И пусть сей взрыв и был магическим, прозвучал он неожиданно громко: не в последнюю очередь из-за того, что целую секунду доспехи Сковронского трещали в унисон, прежде чем разлететься в стороны осколками и позволить содержимому расплескаться по округе смесью смертоносных проклятий и не очень качественного супового набора.
Лишь несколько слоёв брони: как отцовской, так и своей собственной, уберегли Даркена от предсмертного проклятия врага. Проклятья, которое можно было бы избежать, обрати молодой человек внимание, куда именно всё это время пятился безумный шляхтич.
К тому самому месту, где до недавнего времени можно было найти работоспособный контур “зеркала посредственности”.
2.
Дождь затихал.
Капли падавшей с небес воды стали куда как легче, тучи избавились от былой тяжеловесности и более не огрызались молниями, а ветер окончательно стих, не грозя более сбить с ног каждого из тех неудачников, что не поспешили укрыться от непогодами за стенами своих домов. Даже солнце позволило себе выйти из-за облаков и обратить свой взор на проклятый всеми богами и забытый Ковач.
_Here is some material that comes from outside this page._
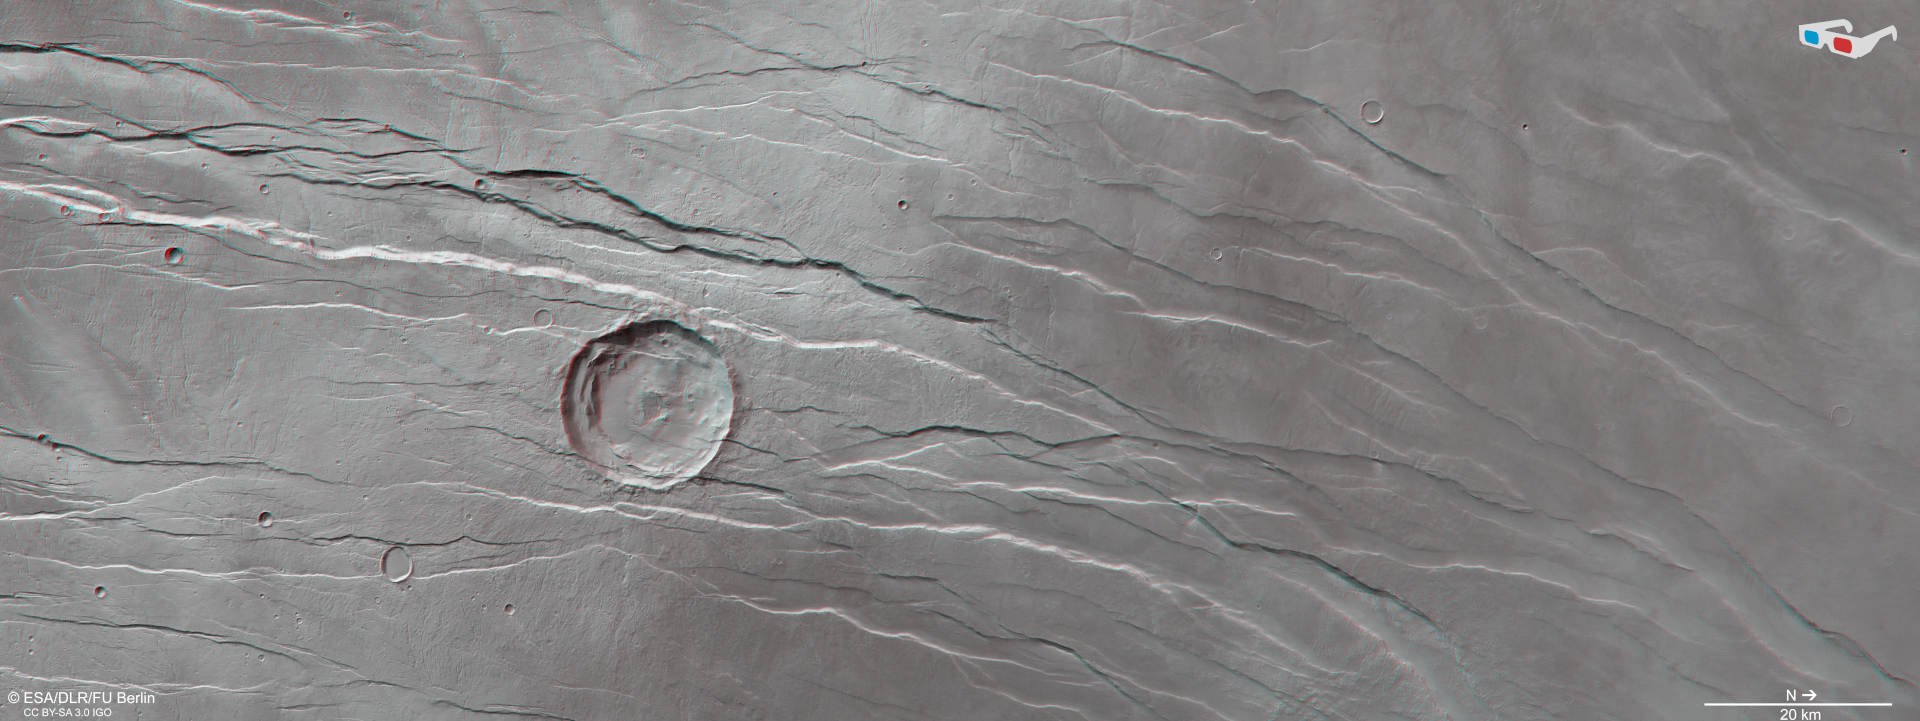 Anaglyph image of the Tantalus Fossae graben system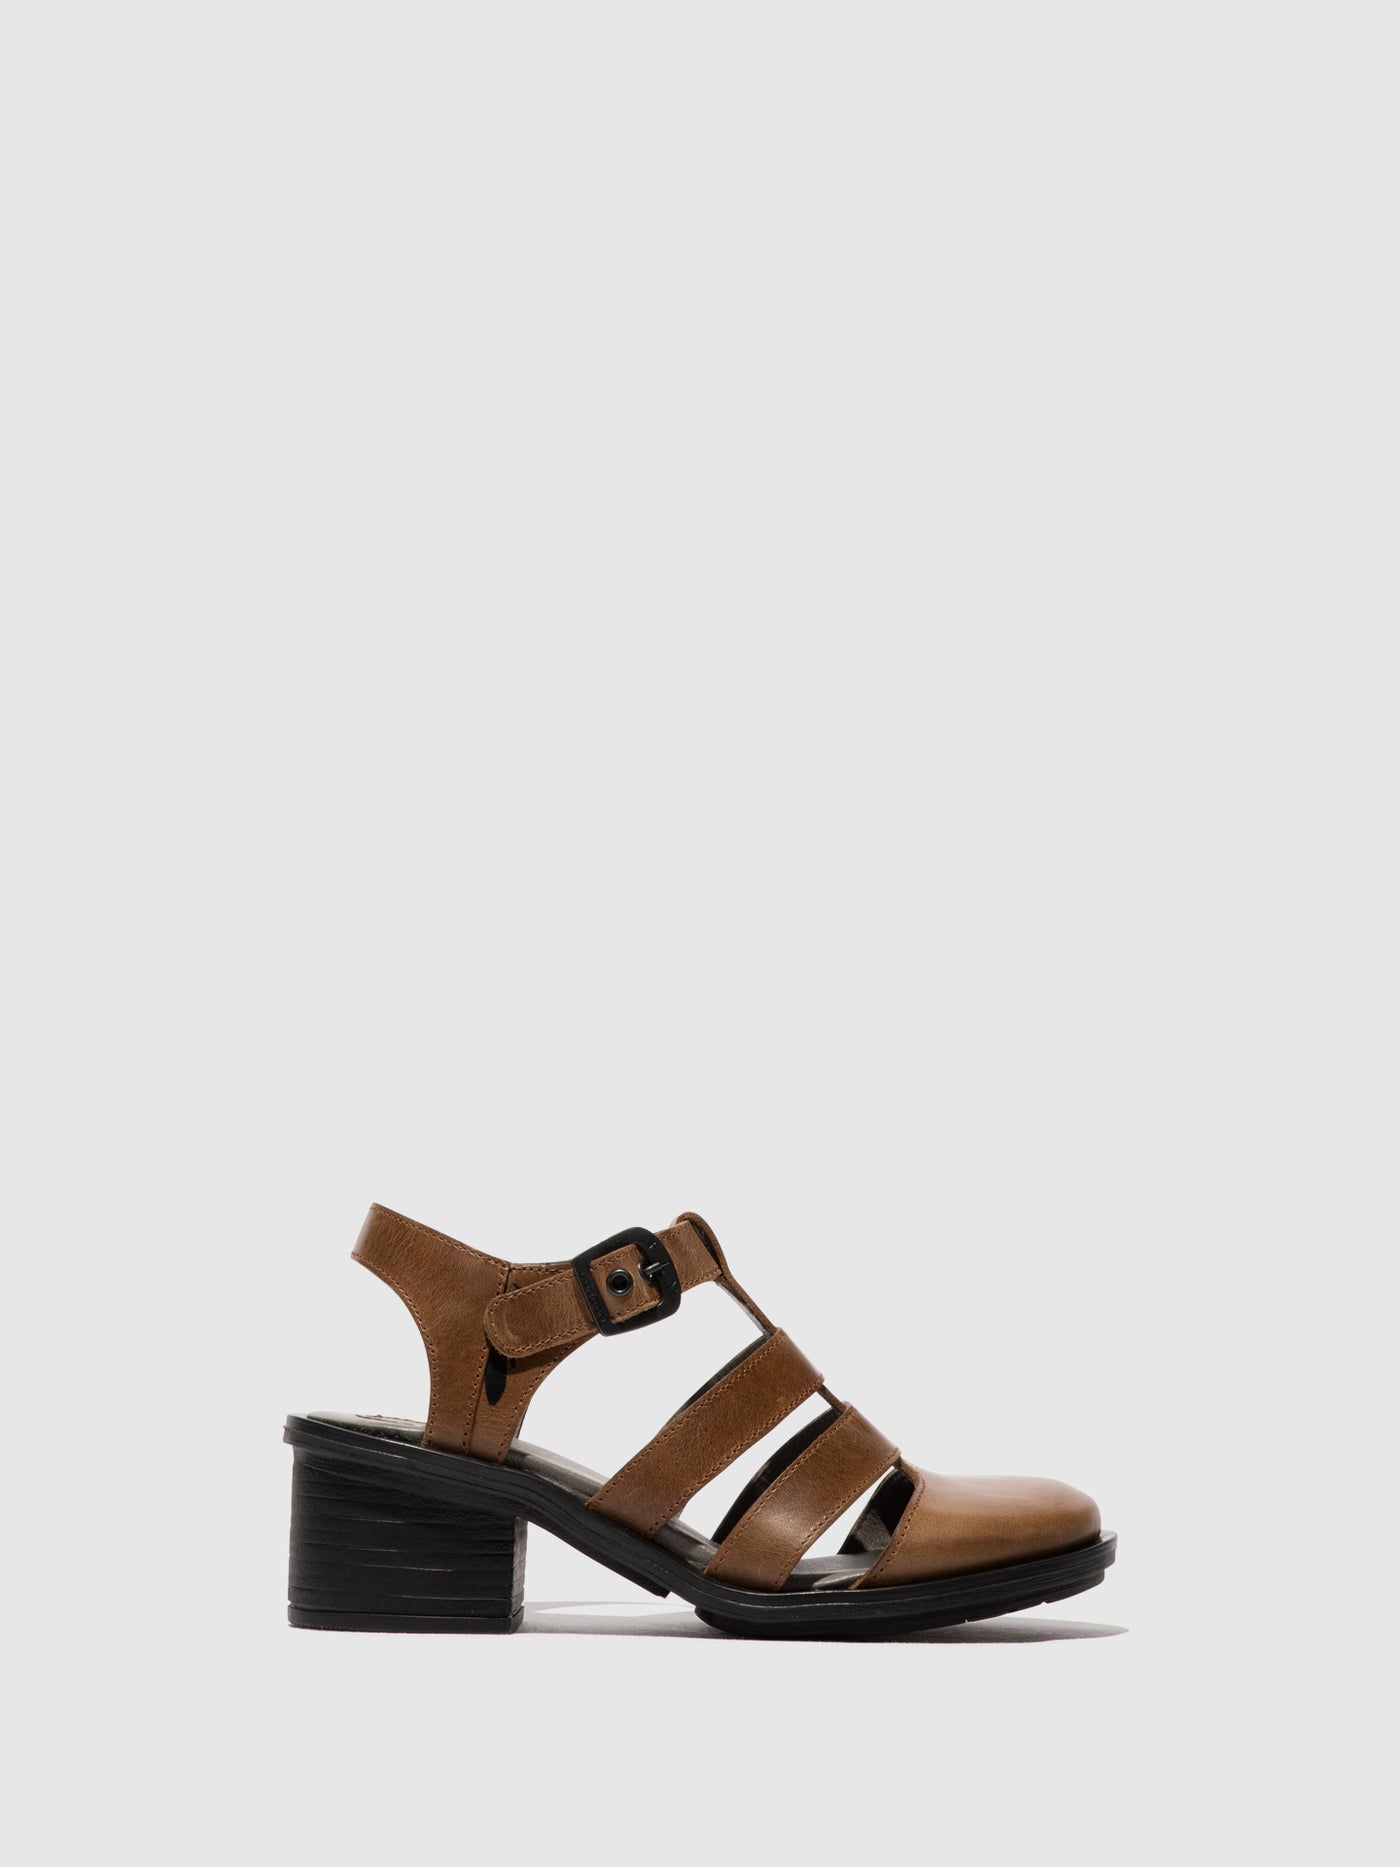 T-Strap Sandals CAHY195FLY CAMEL

Сейчас, в приятных и ласковых лучах небесного светила промышленная зона выглядела крайне жизнеутверждающе, даже невзирая целую рощу, полную стенающих ало-коричневых деревьев. Ни одно из них не имело лика или каких-либо иных опознавательных знаков, по которым можно было бы определить личность того, кто послужил материалом для создания столь пугающего экспоната. Лишь возвышающаяся над ними дева, умиротворённо обнявшая себя за плечи, обладало правом на человеческое лицо.
Парадокс. Огромное растение имело куда больше черт, делавших её похожим на живое разумное существо, чем те, кто на самом деле ими являлся.
Люди не решались подойти ближе Иггдрасиль и её страдающим подопечным: даже самые устойчивые и атеистичные испытывали неясную тревогу и благоговейный трепет перед увиденным. И Дарк их отлично понимал. Особенно после того, что услышал от Сковронского.